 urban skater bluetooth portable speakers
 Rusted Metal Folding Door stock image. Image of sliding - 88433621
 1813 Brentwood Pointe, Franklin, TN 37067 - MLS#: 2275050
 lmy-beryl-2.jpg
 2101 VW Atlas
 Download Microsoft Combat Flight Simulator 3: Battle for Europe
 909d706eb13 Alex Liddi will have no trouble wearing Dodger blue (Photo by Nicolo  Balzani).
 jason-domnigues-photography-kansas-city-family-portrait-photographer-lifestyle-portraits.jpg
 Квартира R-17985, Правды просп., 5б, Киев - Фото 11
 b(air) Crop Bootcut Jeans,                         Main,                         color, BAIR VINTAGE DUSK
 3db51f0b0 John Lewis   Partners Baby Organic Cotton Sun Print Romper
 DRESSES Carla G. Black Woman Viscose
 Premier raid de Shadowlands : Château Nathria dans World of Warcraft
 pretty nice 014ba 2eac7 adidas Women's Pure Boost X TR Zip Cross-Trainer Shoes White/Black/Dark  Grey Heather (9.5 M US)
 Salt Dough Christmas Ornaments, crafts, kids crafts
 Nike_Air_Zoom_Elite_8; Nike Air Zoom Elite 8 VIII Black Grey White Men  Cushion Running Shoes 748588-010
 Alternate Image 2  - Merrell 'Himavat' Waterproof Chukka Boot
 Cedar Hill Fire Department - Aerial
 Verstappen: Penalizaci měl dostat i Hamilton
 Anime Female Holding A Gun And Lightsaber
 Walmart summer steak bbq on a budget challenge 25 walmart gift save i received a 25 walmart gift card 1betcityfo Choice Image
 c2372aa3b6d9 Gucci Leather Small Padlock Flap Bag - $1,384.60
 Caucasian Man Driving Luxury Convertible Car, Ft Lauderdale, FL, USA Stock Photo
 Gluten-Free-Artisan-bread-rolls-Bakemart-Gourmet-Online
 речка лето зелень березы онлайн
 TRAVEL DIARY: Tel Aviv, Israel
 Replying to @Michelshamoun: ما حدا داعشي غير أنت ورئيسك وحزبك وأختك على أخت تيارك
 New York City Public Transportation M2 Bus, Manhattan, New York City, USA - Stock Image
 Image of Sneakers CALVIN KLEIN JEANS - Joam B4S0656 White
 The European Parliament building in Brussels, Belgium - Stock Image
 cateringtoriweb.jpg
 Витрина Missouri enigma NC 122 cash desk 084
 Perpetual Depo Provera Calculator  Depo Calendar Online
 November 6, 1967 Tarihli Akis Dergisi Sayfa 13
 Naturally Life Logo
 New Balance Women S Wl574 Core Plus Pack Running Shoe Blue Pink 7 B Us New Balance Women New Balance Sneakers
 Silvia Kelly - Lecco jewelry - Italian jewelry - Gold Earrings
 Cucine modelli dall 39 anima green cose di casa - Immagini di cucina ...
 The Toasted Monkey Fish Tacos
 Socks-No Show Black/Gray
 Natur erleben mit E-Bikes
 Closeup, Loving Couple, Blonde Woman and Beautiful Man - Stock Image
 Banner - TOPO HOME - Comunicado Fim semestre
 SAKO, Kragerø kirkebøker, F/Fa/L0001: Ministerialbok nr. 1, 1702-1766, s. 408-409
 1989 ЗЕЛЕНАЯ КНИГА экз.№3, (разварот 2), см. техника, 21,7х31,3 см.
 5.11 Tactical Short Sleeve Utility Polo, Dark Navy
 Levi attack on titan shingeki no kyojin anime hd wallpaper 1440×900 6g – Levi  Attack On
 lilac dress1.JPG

- WHAT TO PRODUCE:
Copy out the data shown above without altering anything.

- ANSWER BOX:
 urban skater bluetooth portable speakers
 Rusted Metal Folding Door stock image. Image of sliding - 88433621
 1813 Brentwood Pointe, Franklin, TN 37067 - MLS#: 2275050
 lmy-beryl-2.jpg
 2101 VW Atlas
 Download Microsoft Combat Flight Simulator 3: Battle for Europe
 909d706eb13 Alex Liddi will have no trouble wearing Dodger blue (Photo by Nicolo  Balzani).
 jason-domnigues-photography-kansas-city-family-portrait-photographer-lifestyle-portraits.jpg
 Квартира R-17985, Правды просп., 5б, Киев - Фото 11
 b(air) Crop Bootcut Jeans,                         Main,                         color, BAIR VINTAGE DUSK
 3db51f0b0 John Lewis   Partners Baby Organic Cotton Sun Print Romper
 DRESSES Carla G. Black Woman Viscose
 Premier raid de Shadowlands : Château Nathria dans World of Warcraft
 pretty nice 014ba 2eac7 adidas Women's Pure Boost X TR Zip Cross-Trainer Shoes White/Black/Dark  Grey Heather (9.5 M US)
 Salt Dough Christmas Ornaments, crafts, kids crafts
 Nike_Air_Zoom_Elite_8; Nike Air Zoom Elite 8 VIII Black Grey White Men  Cushion Running Shoes 748588-010
 Alternate Image 2  - Merrell 'Himavat' Waterproof Chukka Boot
 Cedar Hill Fire Department - Aerial
 Verstappen: Penalizaci měl dostat i Hamilton
 Anime Female Holding A Gun And Lightsaber
 Walmart summer steak bbq on a budget challenge 25 walmart gift save i received a 25 walmart gift card 1betcityfo Choice Image
 c2372aa3b6d9 Gucci Leather Small Padlock Flap Bag - $1,384.60
 Caucasian Man Driving Luxury Convertible Car, Ft Lauderdale, FL, USA Stock Photo
 Gluten-Free-Artisan-bread-rolls-Bakemart-Gourmet-Online
 речка лето зелень березы онлайн
 TRAVEL DIARY: Tel Aviv, Israel
 Replying to @Michelshamoun: ما حدا داعشي غير أنت ورئيسك وحزبك وأختك على أخت تيارك
 New York City Public Transportation M2 Bus, Manhattan, New York City, USA - Stock Image
 Image of Sneakers CALVIN KLEIN JEANS - Joam B4S0656 White
 The European Parliament building in Brussels, Belgium - Stock Image
 cateringtoriweb.jpg
 Витрина Missouri enigma NC 122 cash desk 084
 Perpetual Depo Provera Calculator  Depo Calendar Online
 November 6, 1967 Tarihli Akis Dergisi Sayfa 13
 Naturally Life Logo
 New Balance Women S Wl574 Core Plus Pack Running Shoe Blue Pink 7 B Us New Balance Women New Balance Sneakers
 Silvia Kelly - Lecco jewelry - Italian jewelry - Gold Earrings
 Cucine modelli dall 39 anima green cose di casa - Immagini di cucina ...
 The Toasted Monkey Fish Tacos
 Socks-No Show Black/Gray
 Natur erleben mit E-Bikes
 Closeup, Loving Couple, Blonde Woman and Beautiful Man - Stock Image
 Banner - TOPO HOME - Comunicado Fim semestre
 SAKO, Kragerø kirkebøker, F/Fa/L0001: Ministerialbok nr. 1, 1702-1766, s. 408-409
 1989 ЗЕЛЕНАЯ КНИГА экз.№3, (разварот 2), см. техника, 21,7х31,3 см.
 5.11 Tactical Short Sleeve Utility Polo, Dark Navy
 Levi attack on titan shingeki no kyojin anime hd wallpaper 1440×900 6g – Levi  Attack On
 lilac dress1.JPG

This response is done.